#### Input data
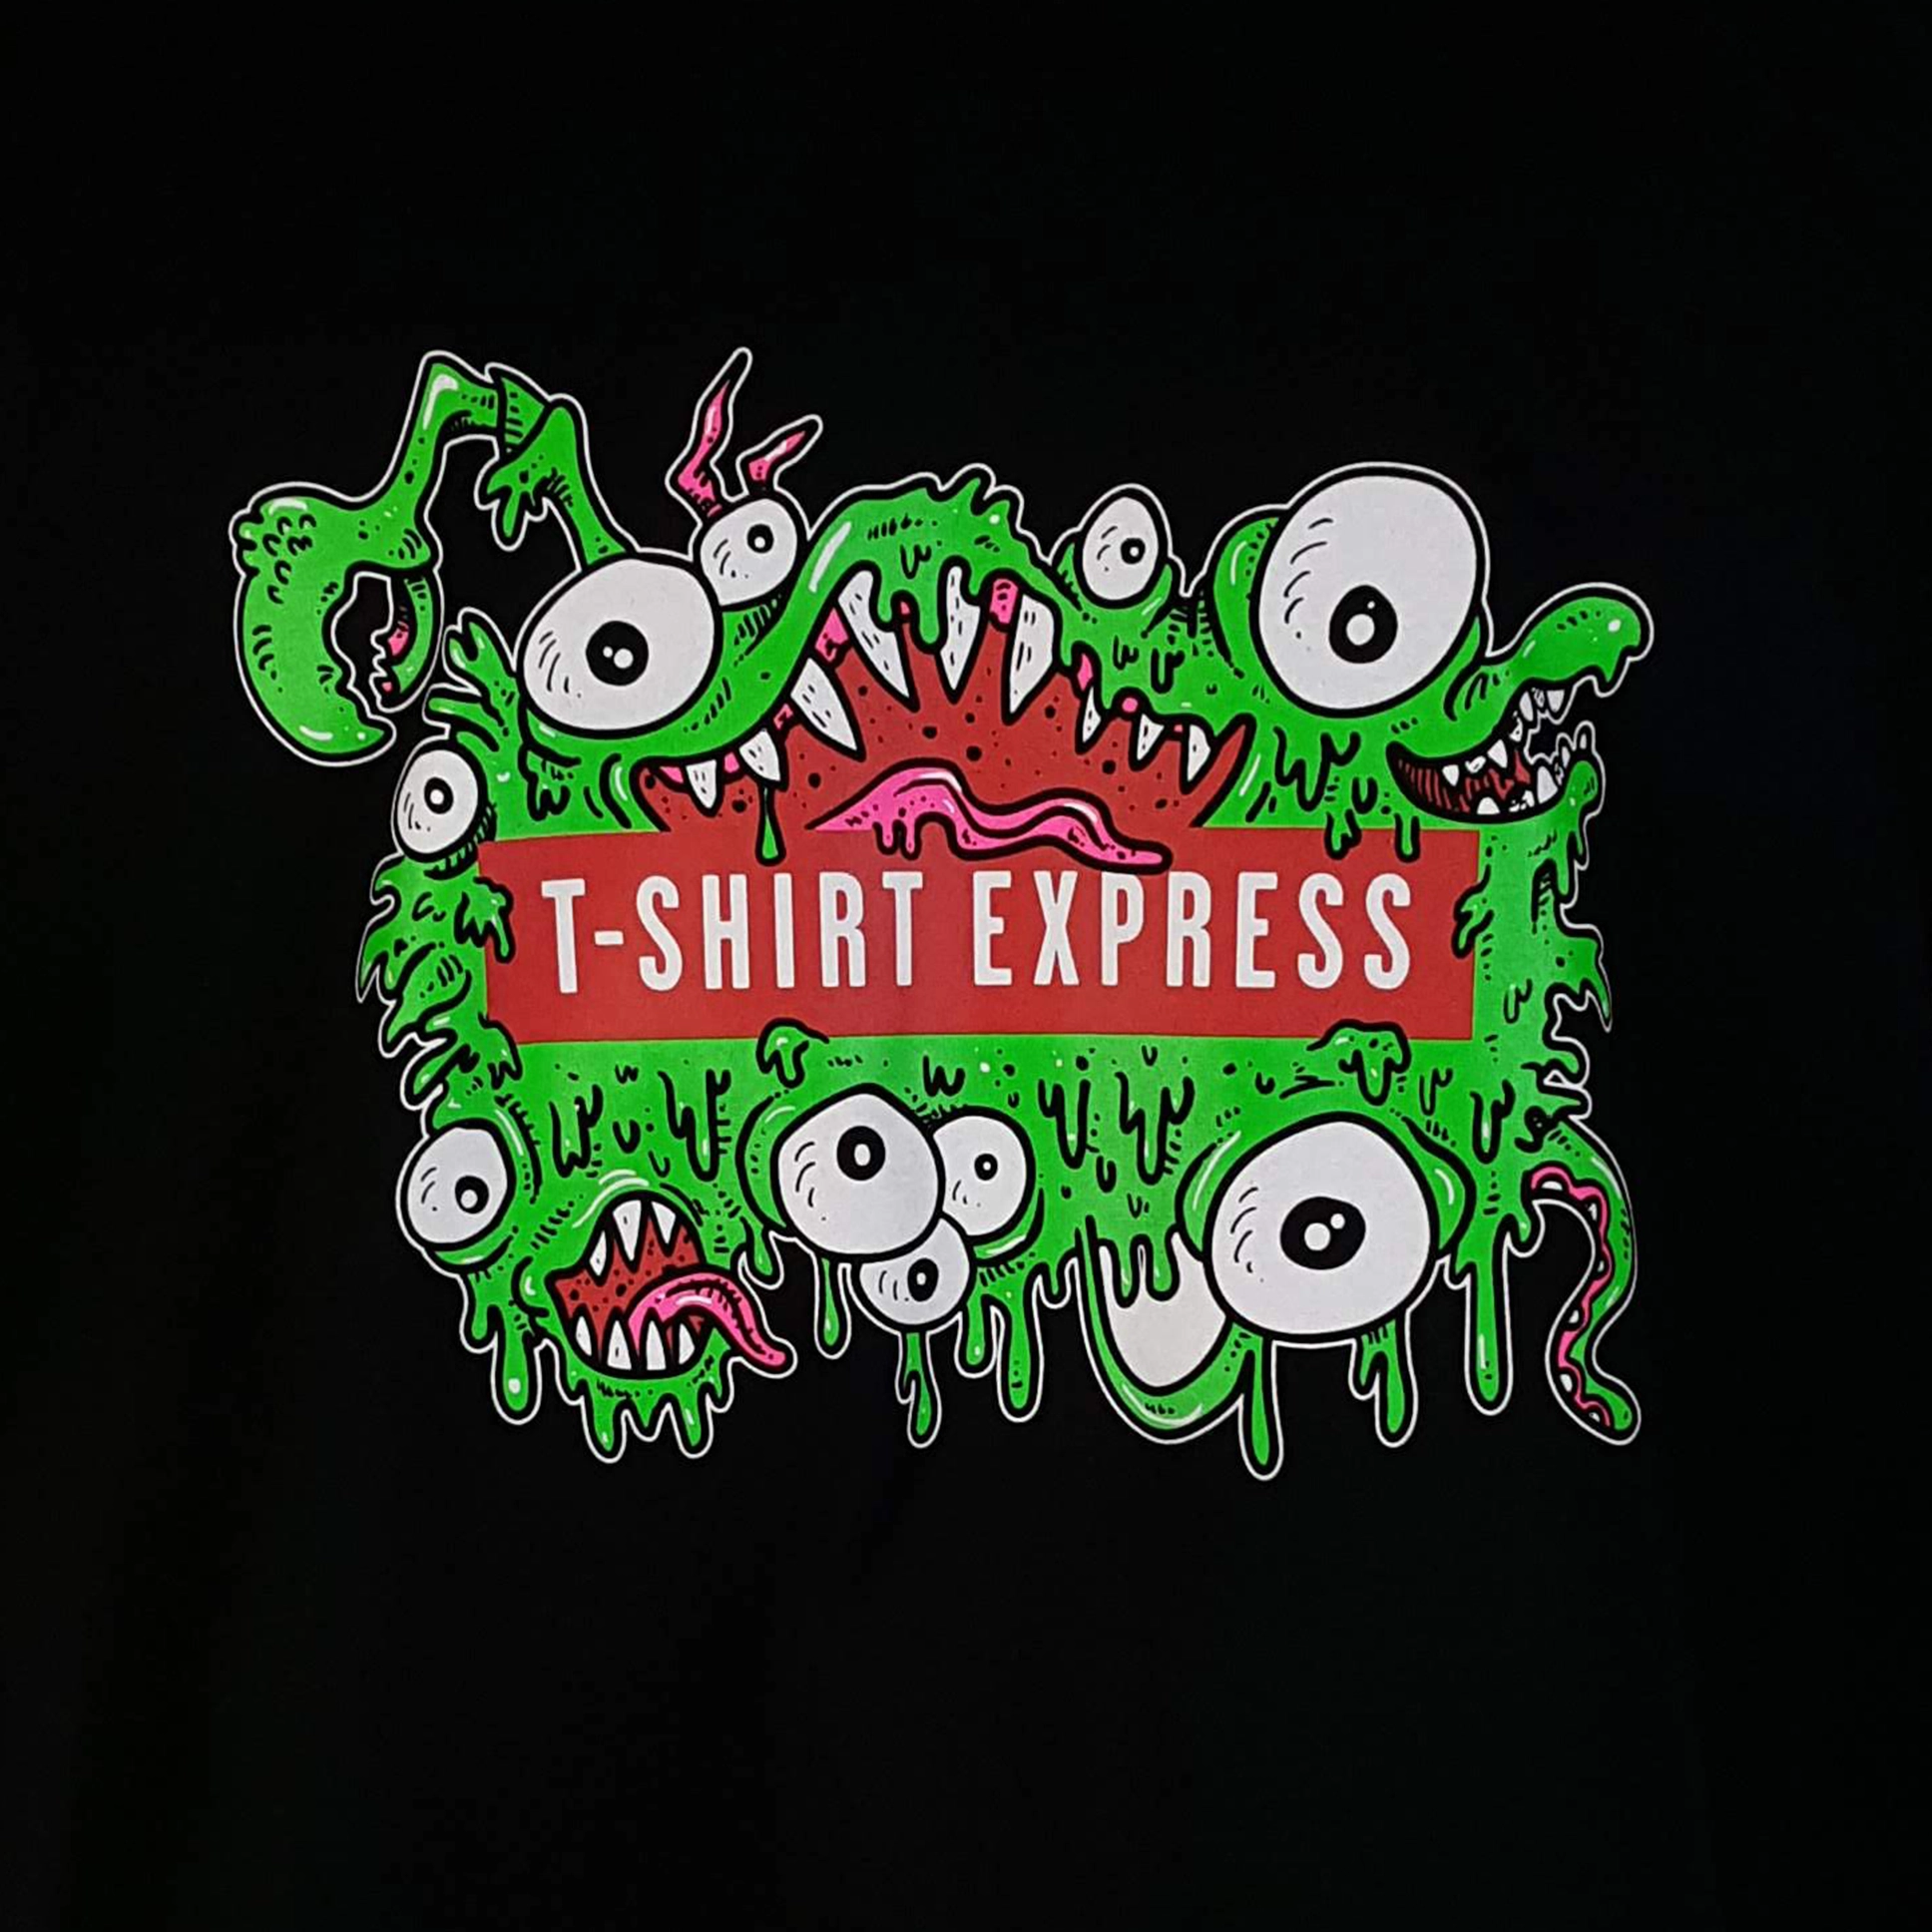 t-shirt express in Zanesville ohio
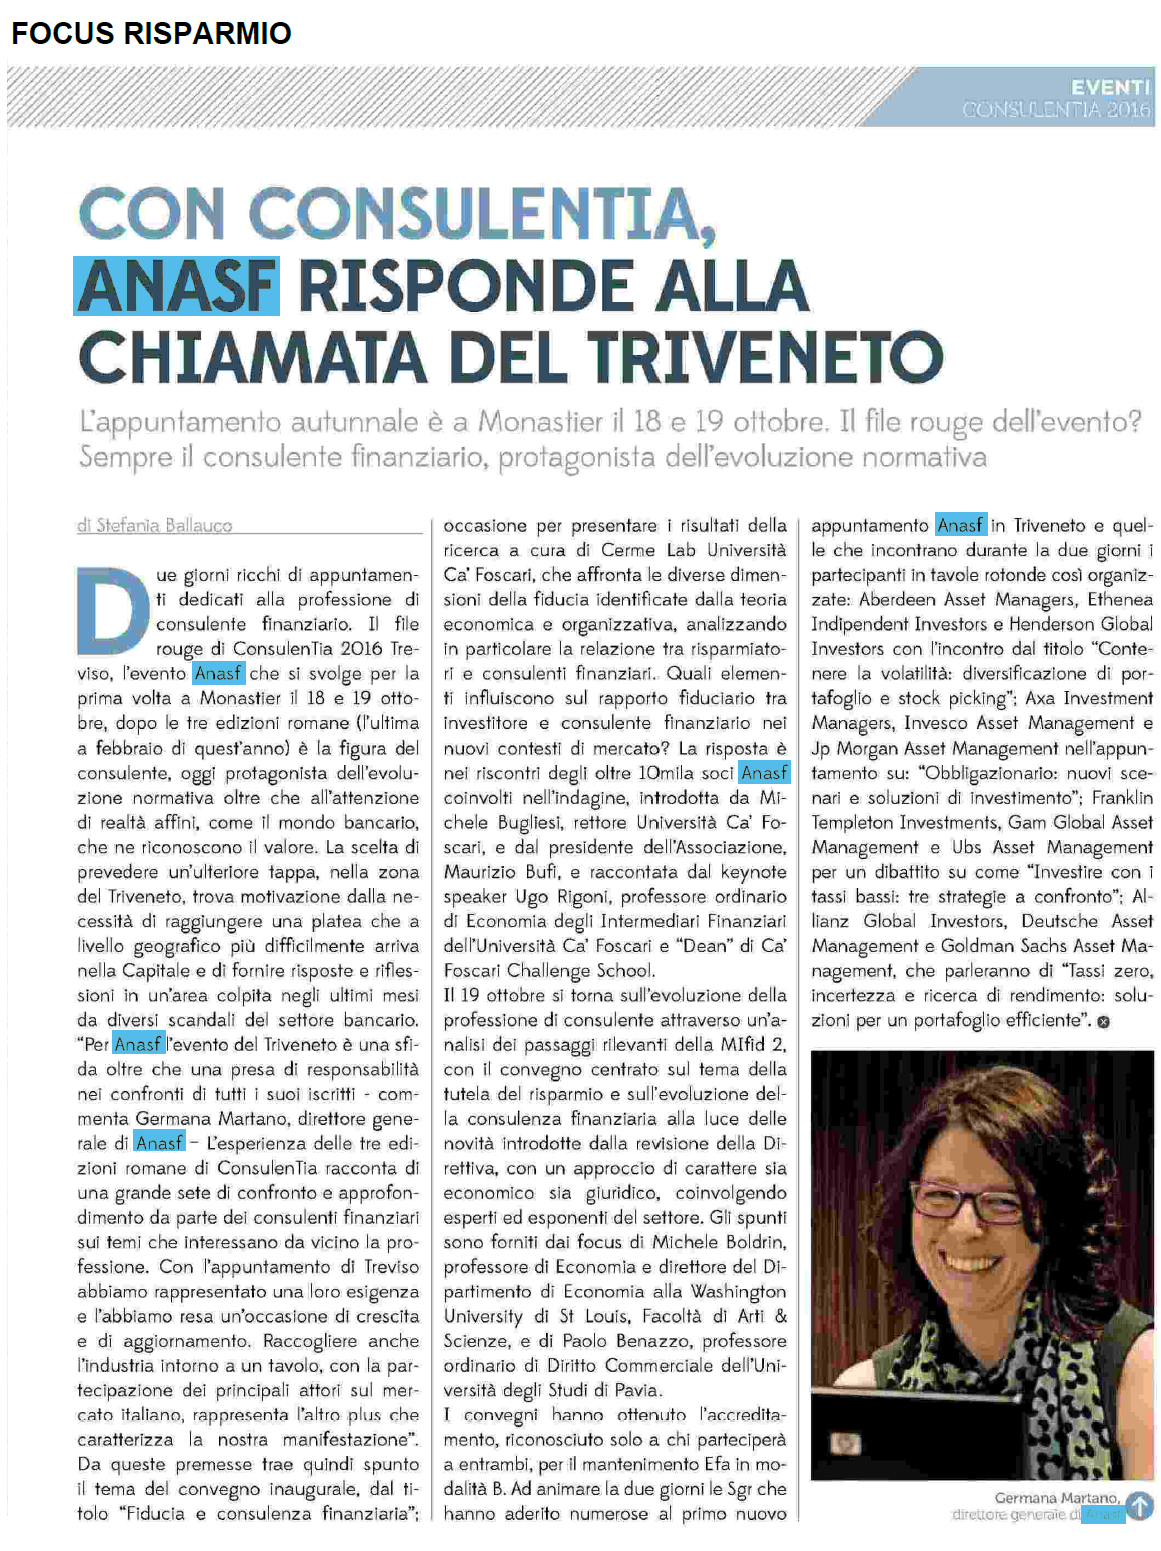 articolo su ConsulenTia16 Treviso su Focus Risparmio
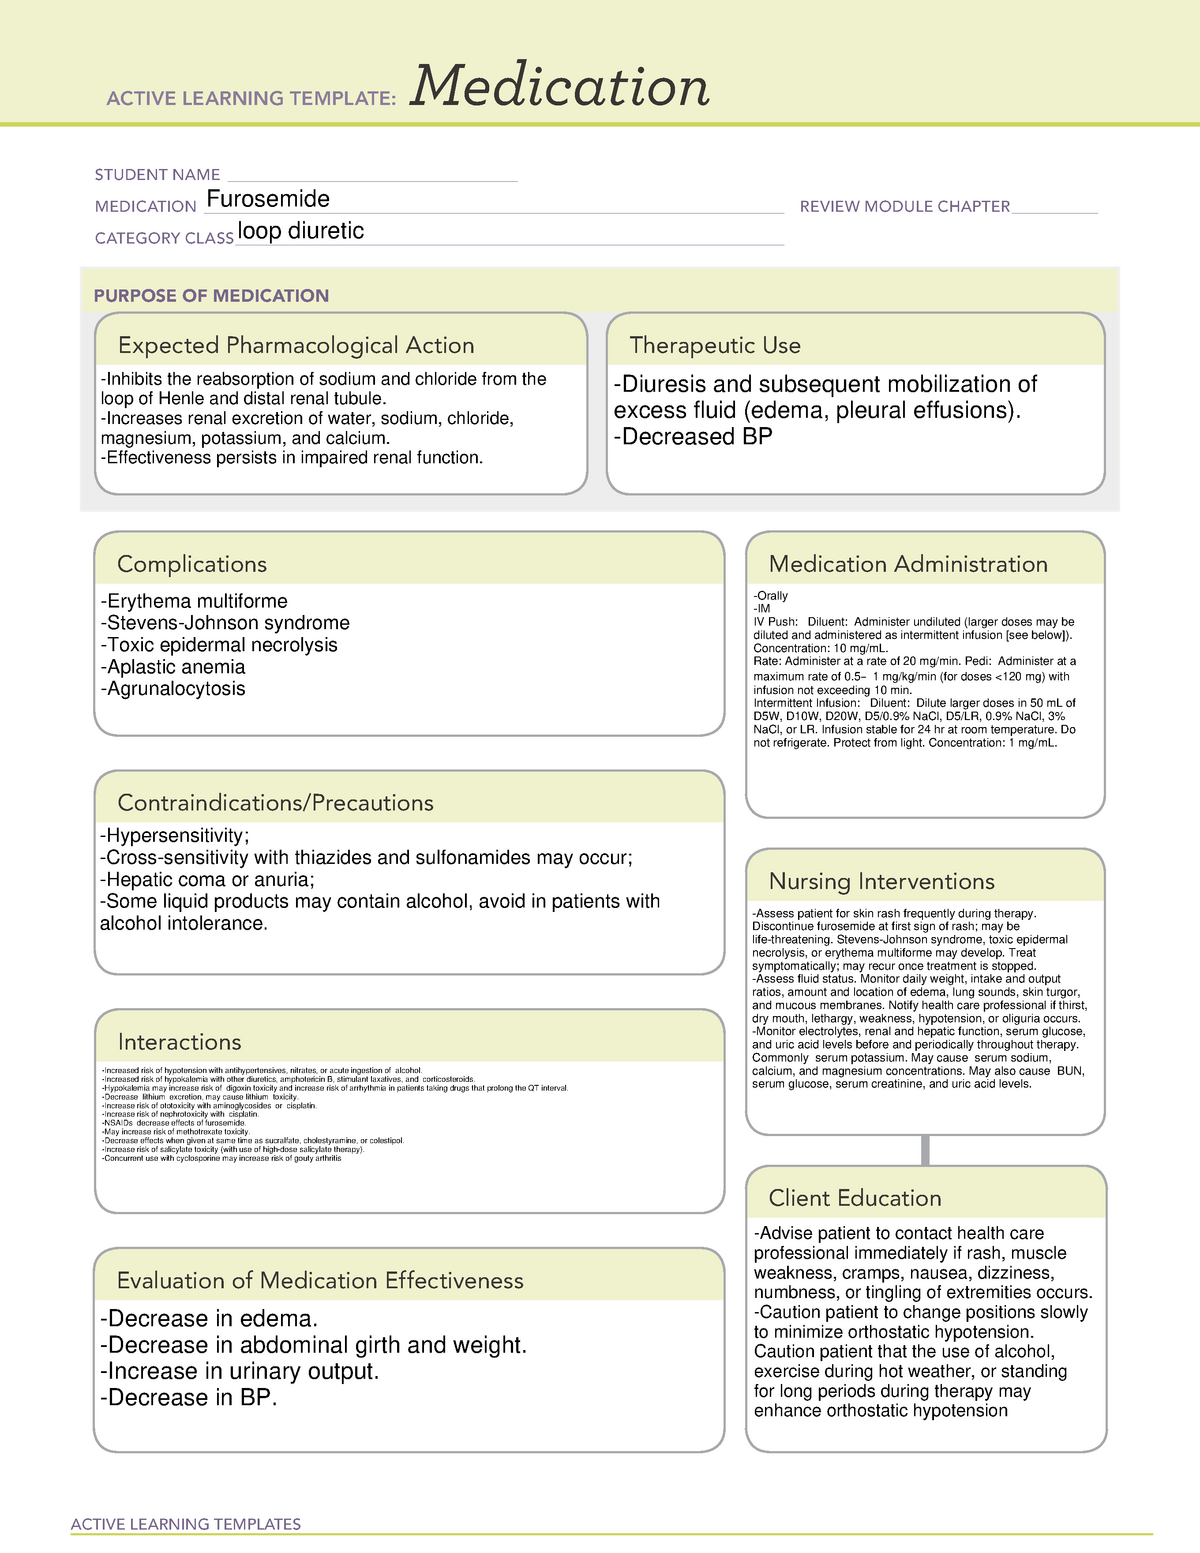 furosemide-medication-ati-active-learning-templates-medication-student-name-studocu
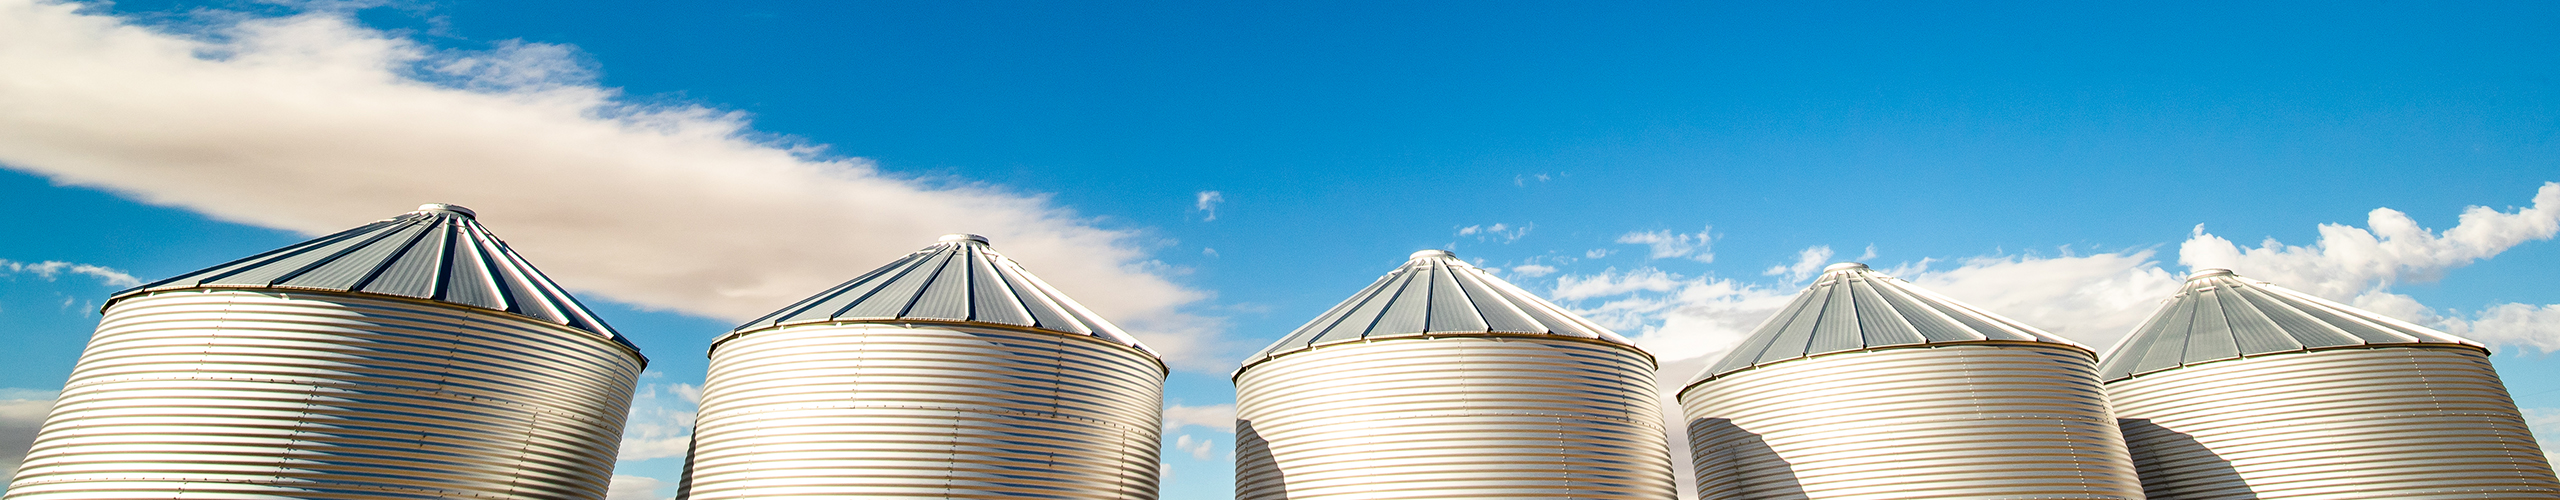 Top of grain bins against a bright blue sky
########
__Task description__: Could you give the listing again exactly, minus its pictures?

__Task answer__:
 t-shirt express in Zanesville ohio
 articolo su ConsulenTia16 Treviso su Focus Risparmio
 furosemide-medication-ati-active-learning-templates-medication-student-name-studocu
 Top of grain bins against a bright blue sky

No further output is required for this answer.